5.    The Navigation Menu

The navigation menu contains the following options: ‘New job’ – open the MotifNet input form where the user can submit a new job for motif analysis. ‘Sessions’ – view all previous sessions that were submitted by the user. This option is shown only when you are logged-in. ‘Example Session’ – open the interactive motif browser for the example application which is described in MotifNet’s paper. ‘Tutorial’ – open this tutorial page. ‘FAQ’ – frequently asked questions page. ‘Login‘ – open the logging-in form. ‘Logout’ – logging-out from MotifNet.

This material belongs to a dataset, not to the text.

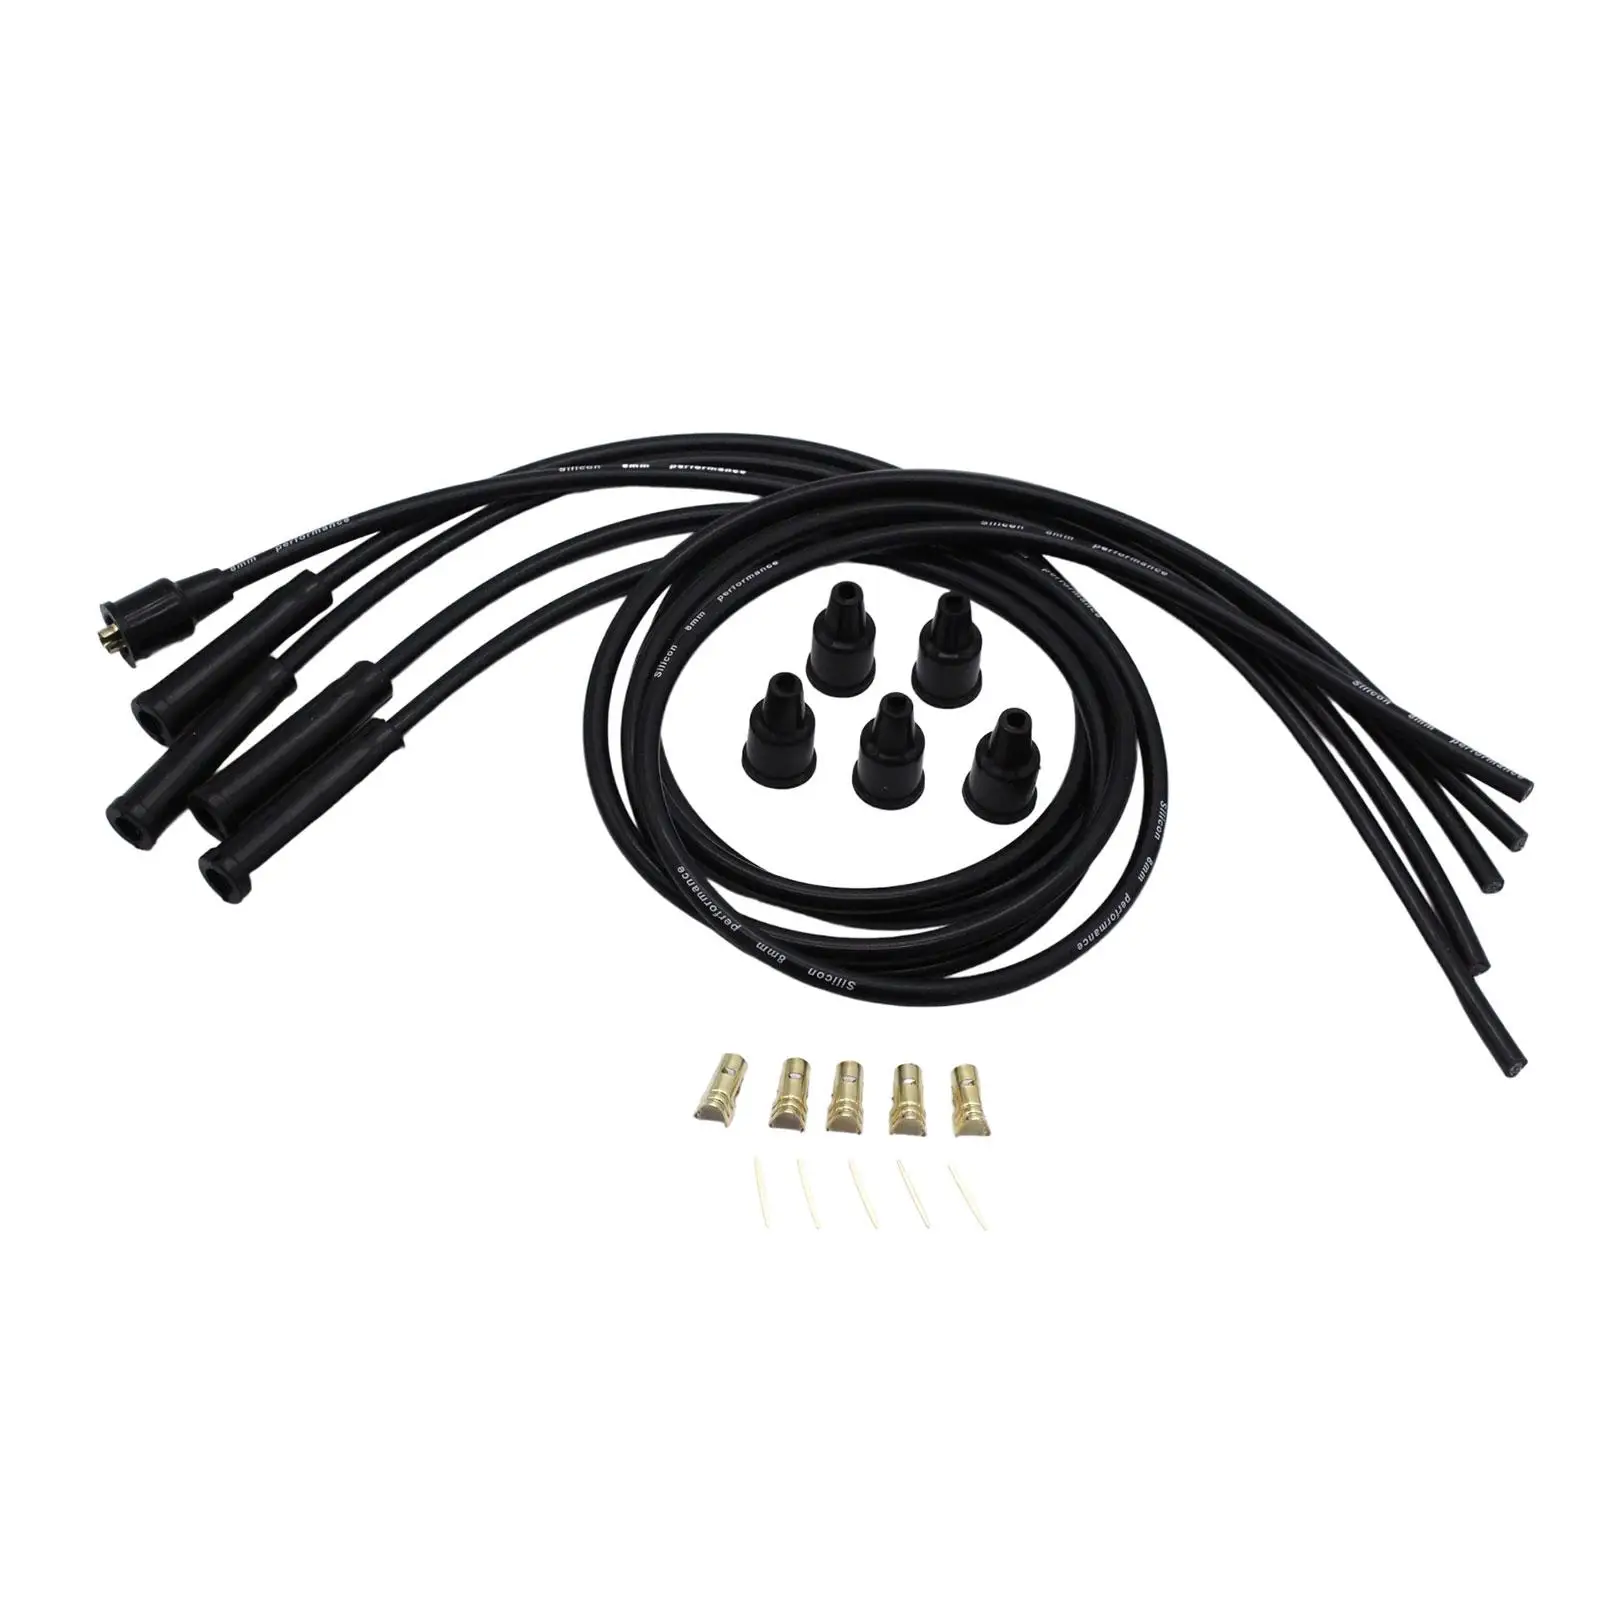 8mm Spark Plug Cables Professional 1 Meter Line Length HT Leads for 4 Cylinder

This options is shown only when you are logged-in. ‘Contact’ – our contact details.

6.    Registration

MotifNet does not require any logging-in for the execution. However, it offers an option to register. Registered users can browse and access their previous sessions via the session table. To register, the user must provide a user name and may provide also his e-mail address.

 

7.    Implementation

The MotifNet website is implemented in ReactJS infrastructure and designed with Semantic-UI. The server-side program is implemented in Python 3. The identification of the motifs is done with FANMOD algorithm (see section ‎1.3) , which is executed with Ubuntu 14.04 on an Intel Xenon 2GHz processor with 112GB RAM. All the information, including user and job details, and the output motifs and their instances, is maintained in MySQL database.

 

 

REFERENCES

  1. Milo, R., S. Shen-Orr, S. Itzkovitz, N. Kashtan, D. Chklovskii, and U. Alon, Network motifs: simple building blocks of complex networks. Science, 2002. 298(5594): p. 824-7.
  2. Wernicke, S. and F. Rasche, FANMOD: a tool for fast network motif detection. Bioinformatics, 2006. 22(9): p. 1152-3.
  3. Wernicke, S., Efficient detection of network motifs. IEEE/ACM Trans Comput Biol Bioinform, 2006. 3(4): p. 347-59.